The algorithm is bottom-up, so let's start with singular dimensions 1 to 3. D(x,y) is the euclidean distance between two points.

Dimension 1 (points: 2, 1, 9, 8): D(2,1) = 1 < eps. Since we have two points, 2 is a core point. Same can be said about 1. So, the first cluster consists of 2 and 1. Same can be applied to 9 and 8. So dimension 1 contains two clusters.

Dimension 2 (points: 10, 20, 30, 40): All points are too far away from each other (distance is at least sqrt(10) between each pair), so no cluster can be found here.
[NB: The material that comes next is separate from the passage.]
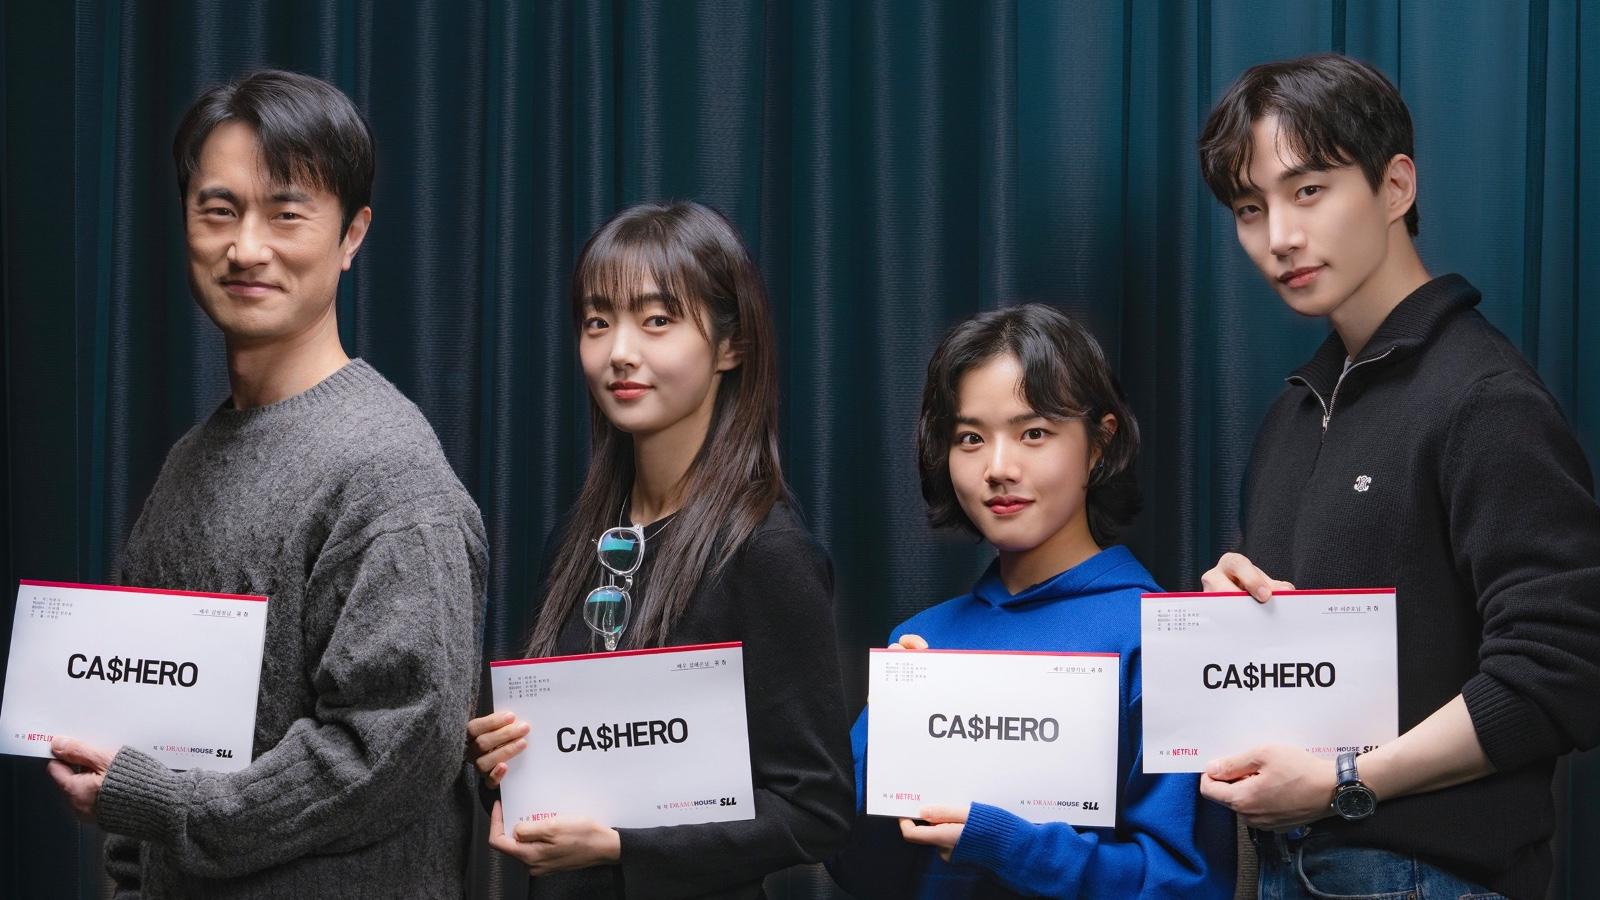 The cast of Cashero K-drama

Dimension 3 (points: 2, 1, 9, 9): Analogous to dimension 1. Two clusters.

Next, we generate the k+1 subspace candidates (where k=1, since we just did singular dimensions). Keep A-priori in mind: The k+1 candidates need to have k-1 attributes in common. Not relevant for 2 dimensions, but will be relevant for 3 dimensions later.

So here we have the following combinations of dimensions: 1,2; 1,3; 2,3. We may now prune some of those candidates using the A-priori principle, i.e. if k dimensions of a given candidate do not contain a cluster, that candidate will also not contain a cluster in k+1 dimensions. For proofs, refer to the original paper1. In this case, with k=1, dimension 2 has no clusters and thus both the candidates 1,2 and 2,3 can be pruned.

Next, we apply DBSCAN on subspace 1,3 (points: (2,2), (1,1), (9,9), (8,9)). D((2,2), (1,1)) = D((1,1), (2,2)) = sqrt(2) < eps. That's a cluster with points (2,2) and (1,1) (since we have 2 points and minpts=2). D((9,9), (8,9)) = D((8,9), (9,9)) = 1 < eps. Again, another cluster.

To generate three dimensions, we would need more candidates. For example, with 1,2 and 1,3 one could generate 1,2,3 (since both share the first dimension: 1). However, currently the only 2-dimensional candidate with clusters is 1,3. Thus, we stop here.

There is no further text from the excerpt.